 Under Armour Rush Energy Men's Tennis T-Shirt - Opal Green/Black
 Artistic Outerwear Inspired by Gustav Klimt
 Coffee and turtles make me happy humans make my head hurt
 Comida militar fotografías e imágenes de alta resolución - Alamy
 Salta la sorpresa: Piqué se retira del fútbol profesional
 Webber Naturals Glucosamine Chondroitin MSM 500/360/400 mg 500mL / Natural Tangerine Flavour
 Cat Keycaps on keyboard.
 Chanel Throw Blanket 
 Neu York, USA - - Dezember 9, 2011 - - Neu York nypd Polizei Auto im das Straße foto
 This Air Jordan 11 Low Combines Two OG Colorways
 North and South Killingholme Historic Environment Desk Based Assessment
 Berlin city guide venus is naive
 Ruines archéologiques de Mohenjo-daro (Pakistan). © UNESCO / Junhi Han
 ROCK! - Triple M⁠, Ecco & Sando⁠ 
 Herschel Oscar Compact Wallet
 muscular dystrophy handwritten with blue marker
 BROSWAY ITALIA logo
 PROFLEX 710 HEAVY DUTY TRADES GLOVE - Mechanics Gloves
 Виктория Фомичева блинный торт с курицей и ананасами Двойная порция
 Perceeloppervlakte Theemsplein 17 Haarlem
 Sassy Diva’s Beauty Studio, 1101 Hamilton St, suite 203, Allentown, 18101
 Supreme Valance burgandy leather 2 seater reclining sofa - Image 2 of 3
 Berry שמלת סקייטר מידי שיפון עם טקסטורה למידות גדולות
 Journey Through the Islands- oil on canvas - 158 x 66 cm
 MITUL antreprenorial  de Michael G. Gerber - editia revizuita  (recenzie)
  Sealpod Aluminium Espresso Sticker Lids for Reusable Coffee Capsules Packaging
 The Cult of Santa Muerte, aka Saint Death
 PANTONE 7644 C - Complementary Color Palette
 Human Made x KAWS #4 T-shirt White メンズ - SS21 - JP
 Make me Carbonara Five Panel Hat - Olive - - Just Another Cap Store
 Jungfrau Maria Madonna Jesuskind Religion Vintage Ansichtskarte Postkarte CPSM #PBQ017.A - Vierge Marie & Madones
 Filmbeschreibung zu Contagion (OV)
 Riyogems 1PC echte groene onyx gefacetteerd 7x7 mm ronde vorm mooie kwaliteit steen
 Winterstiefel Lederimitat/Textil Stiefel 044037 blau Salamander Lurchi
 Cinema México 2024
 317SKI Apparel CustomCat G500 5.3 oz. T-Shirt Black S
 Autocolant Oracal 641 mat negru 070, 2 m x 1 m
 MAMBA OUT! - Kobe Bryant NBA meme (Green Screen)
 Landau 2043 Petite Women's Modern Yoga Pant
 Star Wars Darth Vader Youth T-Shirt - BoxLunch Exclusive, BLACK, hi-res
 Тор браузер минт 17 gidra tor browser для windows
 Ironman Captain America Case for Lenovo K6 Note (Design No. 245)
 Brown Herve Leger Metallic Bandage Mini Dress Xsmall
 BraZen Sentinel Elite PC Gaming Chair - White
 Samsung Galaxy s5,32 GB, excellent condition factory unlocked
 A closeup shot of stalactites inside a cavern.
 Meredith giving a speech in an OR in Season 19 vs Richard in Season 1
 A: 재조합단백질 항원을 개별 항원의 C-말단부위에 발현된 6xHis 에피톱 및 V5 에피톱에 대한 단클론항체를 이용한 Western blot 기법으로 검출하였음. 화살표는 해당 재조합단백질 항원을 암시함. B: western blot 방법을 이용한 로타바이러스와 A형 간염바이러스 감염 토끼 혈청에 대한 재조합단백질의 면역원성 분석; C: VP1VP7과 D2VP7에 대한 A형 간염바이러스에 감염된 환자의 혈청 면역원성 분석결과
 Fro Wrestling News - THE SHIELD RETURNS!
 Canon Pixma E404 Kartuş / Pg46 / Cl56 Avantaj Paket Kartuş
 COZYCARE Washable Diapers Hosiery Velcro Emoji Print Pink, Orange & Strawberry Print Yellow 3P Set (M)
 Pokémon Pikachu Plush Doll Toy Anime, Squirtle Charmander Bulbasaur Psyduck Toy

- **WHAT YOU SHOULD DO**:
What belongs in the answer is each line from the listing above that contains "Coffee".

- **WORKED SOLUTION**:
 Coffee and turtles make me happy humans make my head hurt
  Sealpod Aluminium Espresso Sticker Lids for Reusable Coffee Capsules Packaging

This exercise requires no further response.